**DIRECTIONS**: Below, locate the line that contains "中文翻譯 (更新中) 83". Repeat exactly from that line to the line that contains "FaithTalk FM 92.7 AM 1500 WLQV", inclusive, leaving out the pictures.

**AVAILABLE RECORDS**:
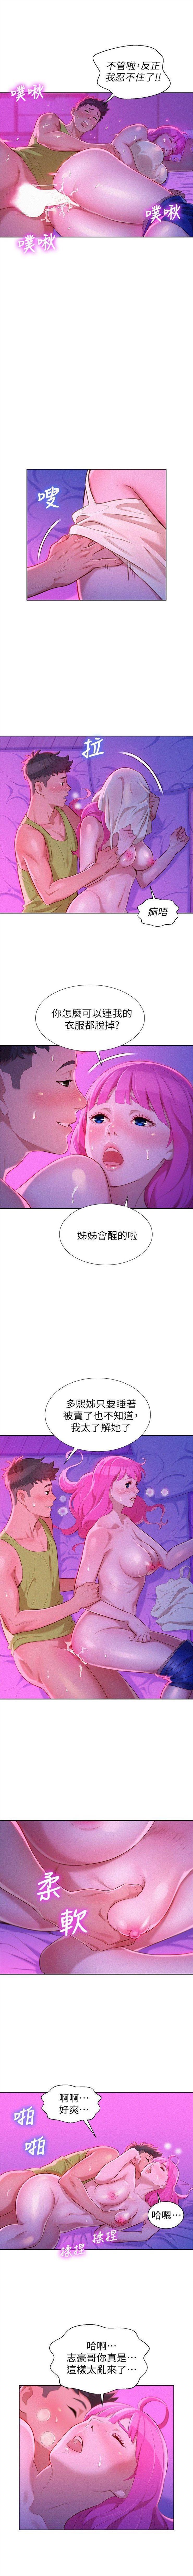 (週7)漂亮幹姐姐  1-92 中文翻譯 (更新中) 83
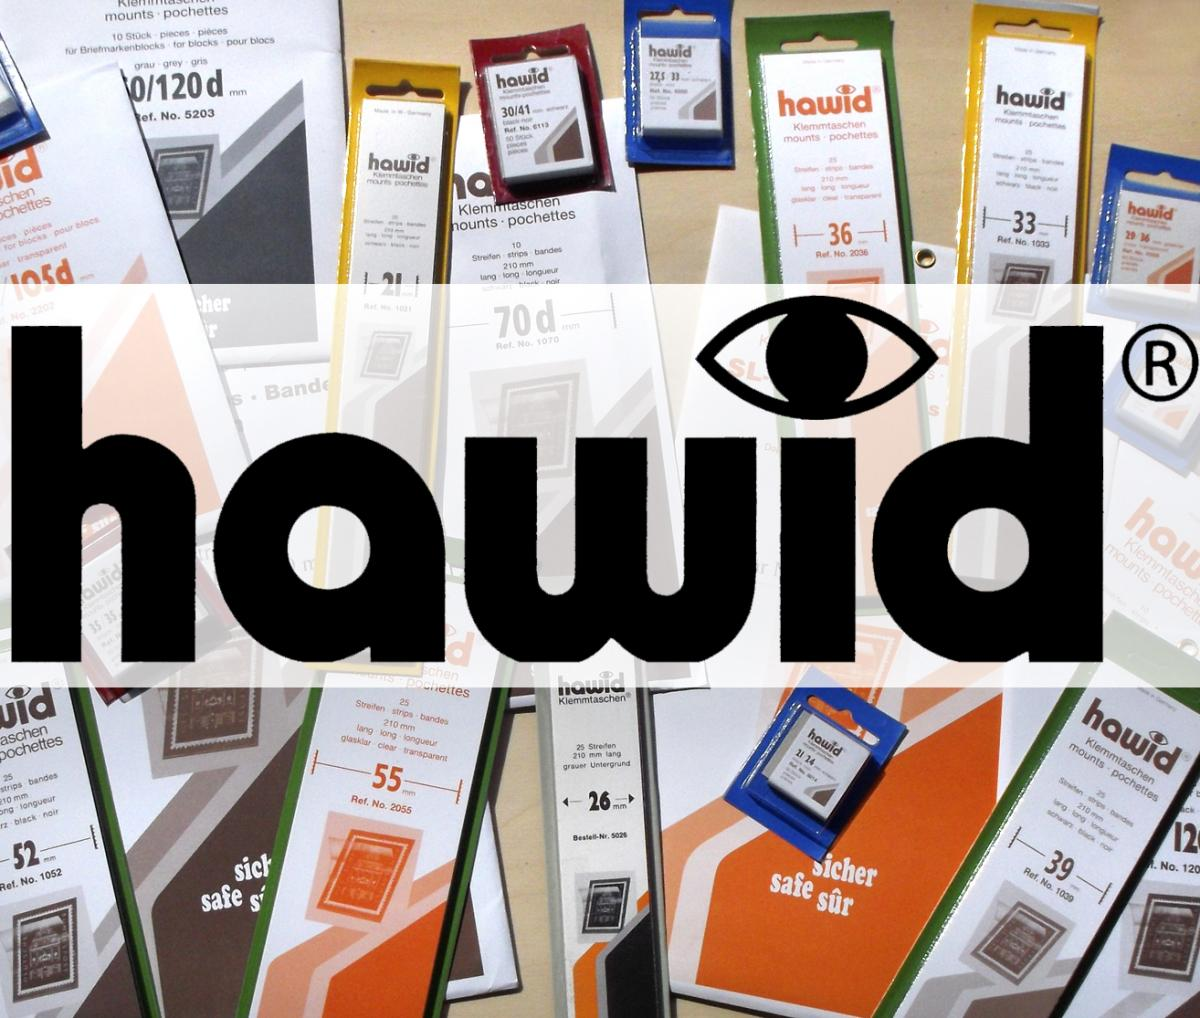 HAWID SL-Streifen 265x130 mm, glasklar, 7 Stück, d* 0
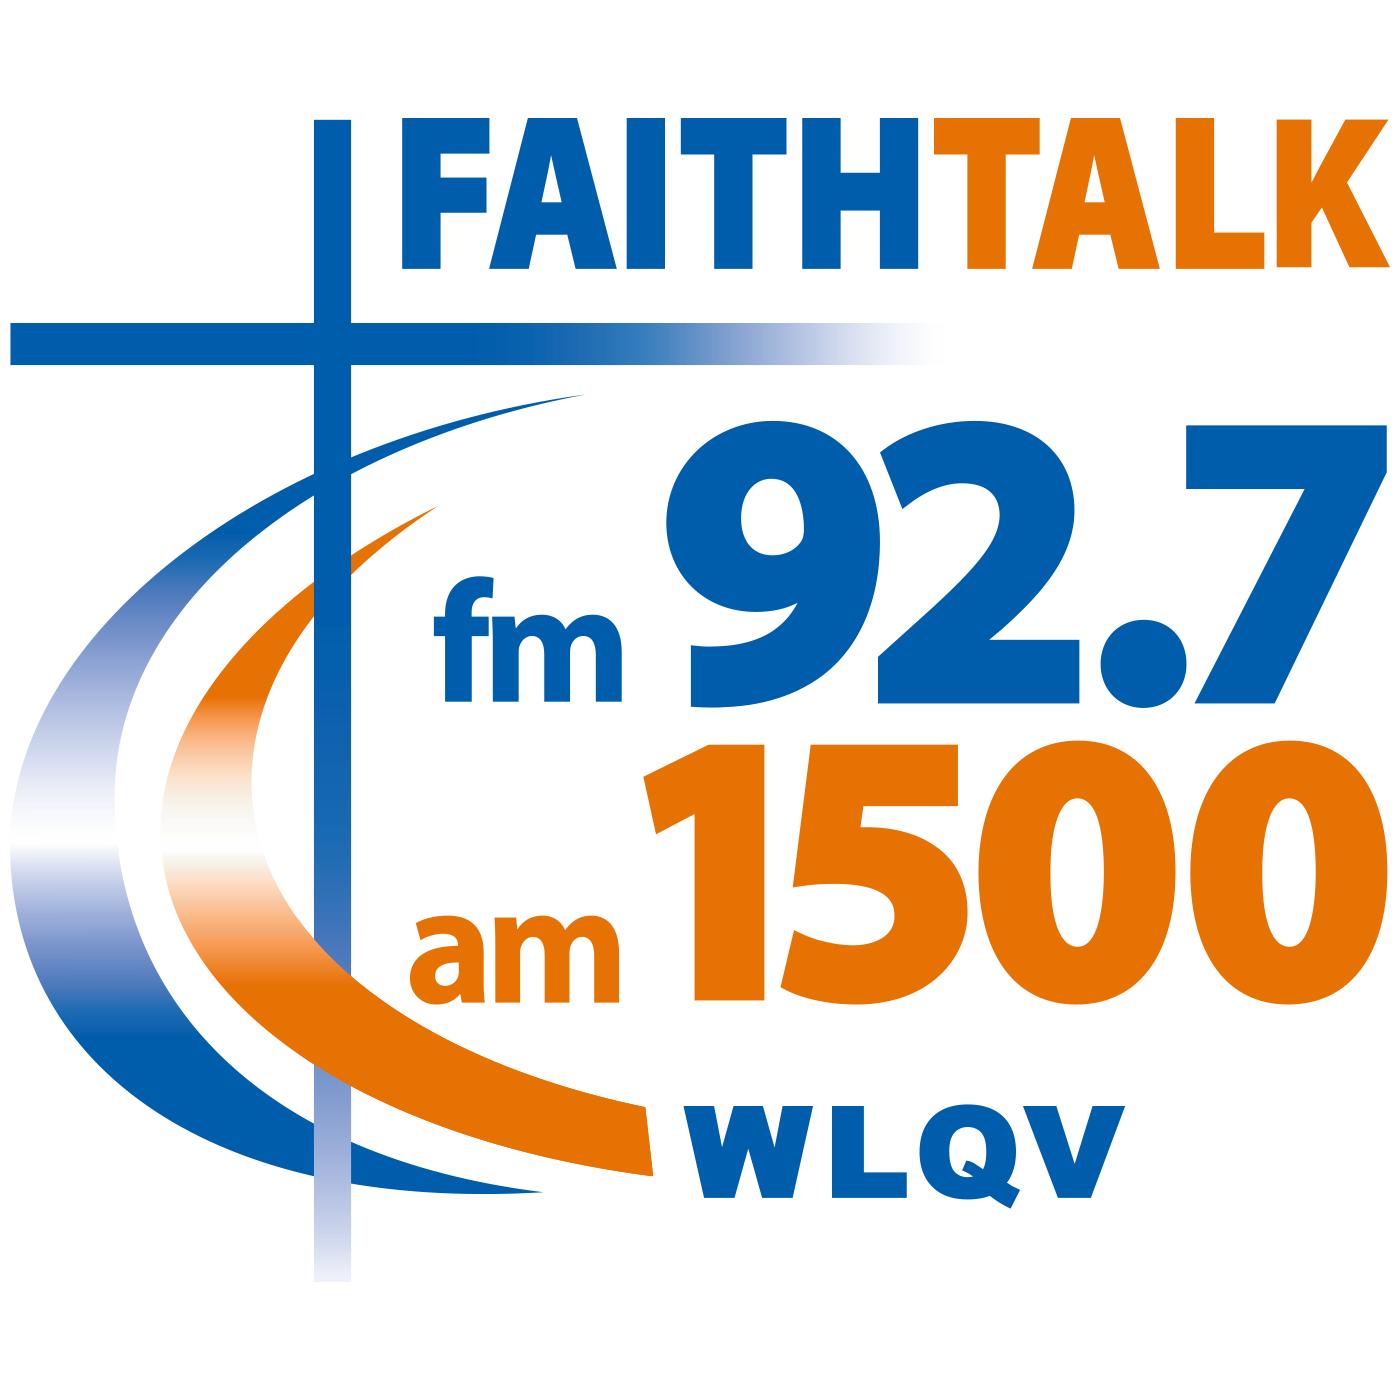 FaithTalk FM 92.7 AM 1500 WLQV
--
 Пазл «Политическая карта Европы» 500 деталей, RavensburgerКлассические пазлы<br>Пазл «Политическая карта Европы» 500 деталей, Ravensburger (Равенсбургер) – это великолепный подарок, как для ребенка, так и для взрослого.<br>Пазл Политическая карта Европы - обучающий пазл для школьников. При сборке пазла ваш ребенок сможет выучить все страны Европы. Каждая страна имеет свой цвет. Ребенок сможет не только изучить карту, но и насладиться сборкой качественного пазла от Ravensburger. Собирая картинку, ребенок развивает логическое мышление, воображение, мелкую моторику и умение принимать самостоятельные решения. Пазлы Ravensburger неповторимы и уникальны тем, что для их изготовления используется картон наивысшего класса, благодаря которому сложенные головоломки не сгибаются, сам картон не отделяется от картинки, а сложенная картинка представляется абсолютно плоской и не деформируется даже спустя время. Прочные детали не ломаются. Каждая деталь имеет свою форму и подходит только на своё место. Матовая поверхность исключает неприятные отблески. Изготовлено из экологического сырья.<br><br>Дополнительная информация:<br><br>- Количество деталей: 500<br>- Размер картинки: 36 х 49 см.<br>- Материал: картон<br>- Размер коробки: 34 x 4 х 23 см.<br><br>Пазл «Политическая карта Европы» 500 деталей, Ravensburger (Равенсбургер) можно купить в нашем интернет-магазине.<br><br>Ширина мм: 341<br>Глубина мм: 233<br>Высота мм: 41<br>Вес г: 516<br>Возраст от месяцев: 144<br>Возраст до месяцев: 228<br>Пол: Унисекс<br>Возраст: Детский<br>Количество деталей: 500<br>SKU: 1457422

**OUTPUT OF THE TASK**:
 (週7)漂亮幹姐姐  1-92 中文翻譯 (更新中) 83
 HAWID SL-Streifen 265x130 mm, glasklar, 7 Stück, d* 0
 FaithTalk FM 92.7 AM 1500 WLQV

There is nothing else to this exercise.